Роберт Эванс, краснолицый валлиец, телосложением напоминающий шкаф, даже бровью не повел. Эллен с удовольствием отметила, что полную невозмутимость сохраняют и остальные ее коллеги. Все они привыкли к эмоциональным срывам, которые особенно часты именно в отделении интенсивной терапии.
– Чего не надо? – рявкнул на жену Максвелл. – Не надо говорить этим британским эскулапам, этим рыбам заторможенным, что у них задницы загорятся, а они и знать не будут – без соответствующих инструкций?!
Эванс выжидал, пока Джон Максвелл закроет рот. Смысл слов ничего не значил; главное было добиться его замешательства. Как же – он, Максвелл, изощряется к красноречии, а реакции от окружающих никакой!
Максвелл начал второй заход.
– Ну, мистер Эванс, чего молчите-то?
В его тоне было столько сарказма, что Эллен подумала, не приклеить ли Максвеллу кличку – например, «Ковбой». Физиономия от ярости стала багровой. Неужели она, Эллен, всерьез рассматривала перспективу поехать в Америку с такими людьми, как Максвеллы? Правда, ее не звали дальше Балтимора, где Эллен должна была передать своего подопечного на руки местным медикам.
– Какого черта вы и сегодня отказываетесь отпустить моего сына? Мы уже и так торчим здесь двое лишних суток! – продолжал разоряться Максвелл.
– Миссис Максвелл, может, присядете? – предложила Эллен, указывая на стул рядом с кроватью Уилла, ибо Диана являла все признаки того, что вот-вот хлопнется в обморок.
– Постоит, небось не развалится! – рявкнул Джон Максвелл. О с каким удовольствием он бросился бы на доктора Эванса, будь у него хоть малейший повод! Но доктор Эванс такого повода ни за что не даст. – Я требую отпустить моего сына сегодня же. Он отправится с нами в Штаты, где для него еще есть надежда.
– У меня тоже, – будничным тоном заговорил Роберт Эванс, – имеются для вас обнадеживающие новости. Не хотелось бы вселять в вас ложную уверенность в слишком быстром развитии событий, однако я могу со всей определенностью сообщить, что ваш сын являет признаки выхода из комы.
Эллен отметила, что доктор Эванс очень тщательно подбирает слова и точно дозирует оптимизм.

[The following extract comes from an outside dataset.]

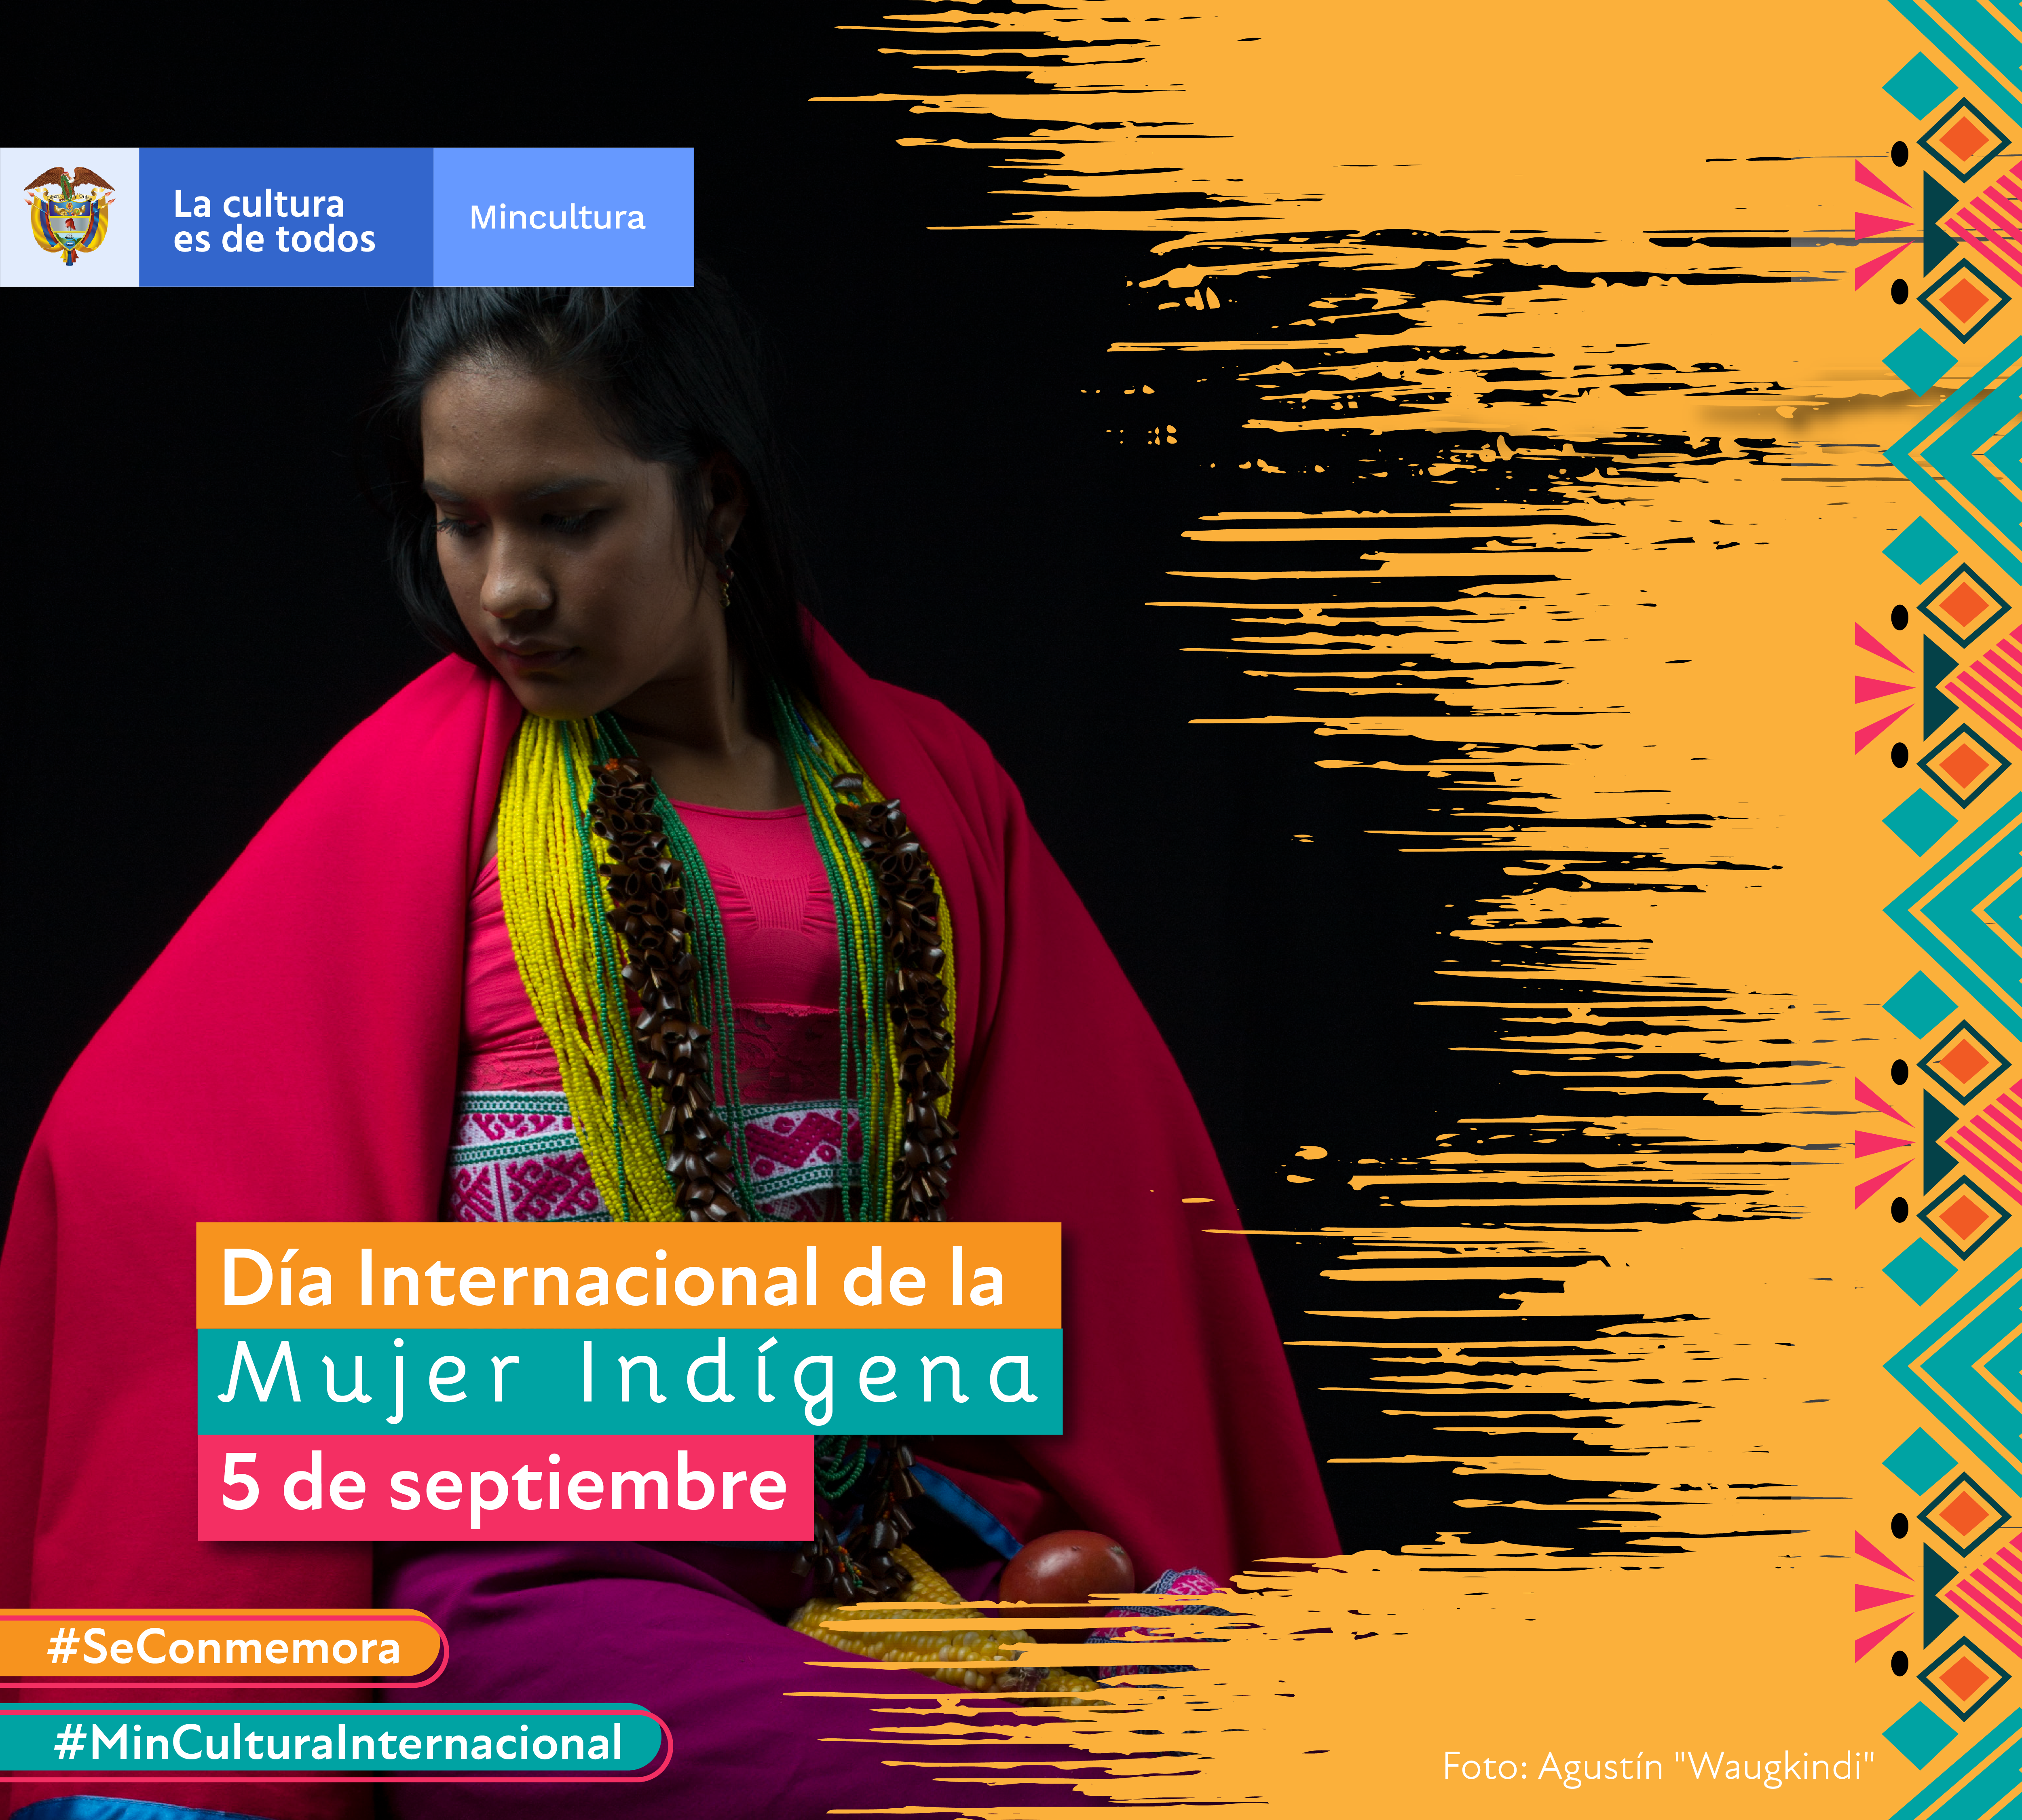 El Ministerio de Cultura conmemora el Día Internacional de la Mujer Indígena

Первой отреагировала Диана Максвелл – она разрыдалась, прижимая ладонь ко рту в безуспешной попытке скрыть свою слабость. Джон Максвелл выпучил глаза; Эллен ответила победным взглядом и наконец усадила Диану.

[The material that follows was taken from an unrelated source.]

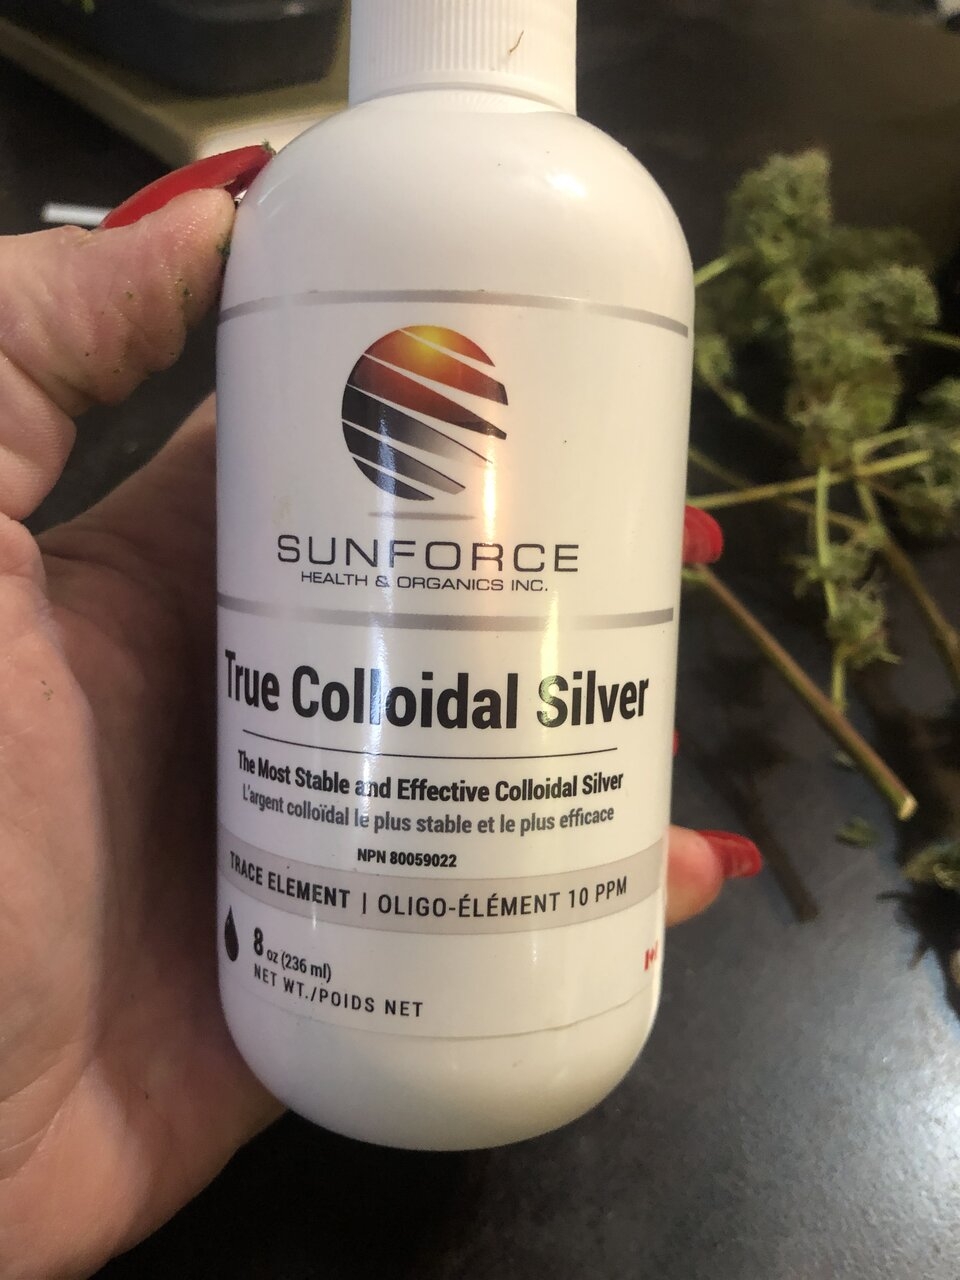 True Colloidal Silver

– Вы с самого начала не хотели отдавать нам Уилла, так ведь? – догадался Джон Максвелл.
Все врачи и медсестры знали: ярость – нормальная родительская реакция. Но только в первые несколько дней. Затем шок уступает место скорби и тоске. Но и эти эмоции постепенно проходят (как скоро – зависит от времени нахождения пострадавшего в отделении интенсивной терапии), и несчастные родители в большинстве своем заканчивают кротким смирением. Только, думала Эллен, едва ли Ковбою Максвеллу грозит впасть в кроткое смирение.

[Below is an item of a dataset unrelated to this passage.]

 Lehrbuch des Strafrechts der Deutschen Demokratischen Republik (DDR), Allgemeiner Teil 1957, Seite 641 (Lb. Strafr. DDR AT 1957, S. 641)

Эванс наживку не заглотил. Он продолжал говорить так, будто перед ним стоял человек, жаждущий услышать новую информацию, а не лопающийся от гнева.
– Позвольте объяснить подробнее, – произнес Эванс. И спокойным, твердым голосом, без медицинских терминов, начал перечислять признаки, свидетельницей которых Эллен стала двое суток назад и которые с тех пор были подтверждены серией анализов и результатами круглосуточных визуальных наблюдений вкупе с показаниями точнейших приборов. – О чем бишь я? Да, о ложной уверенности и быстром развитии событий, – продолжал Эванс. – Впрочем, рад сообщить, что мы зафиксировали целый ряд признаков того, что организм Уилла имеет некий настрой.
Максвелл чуть успокоился – это было заметно по положению тела, по жестам и мимике, – хотя агрессия еще не отпустила его.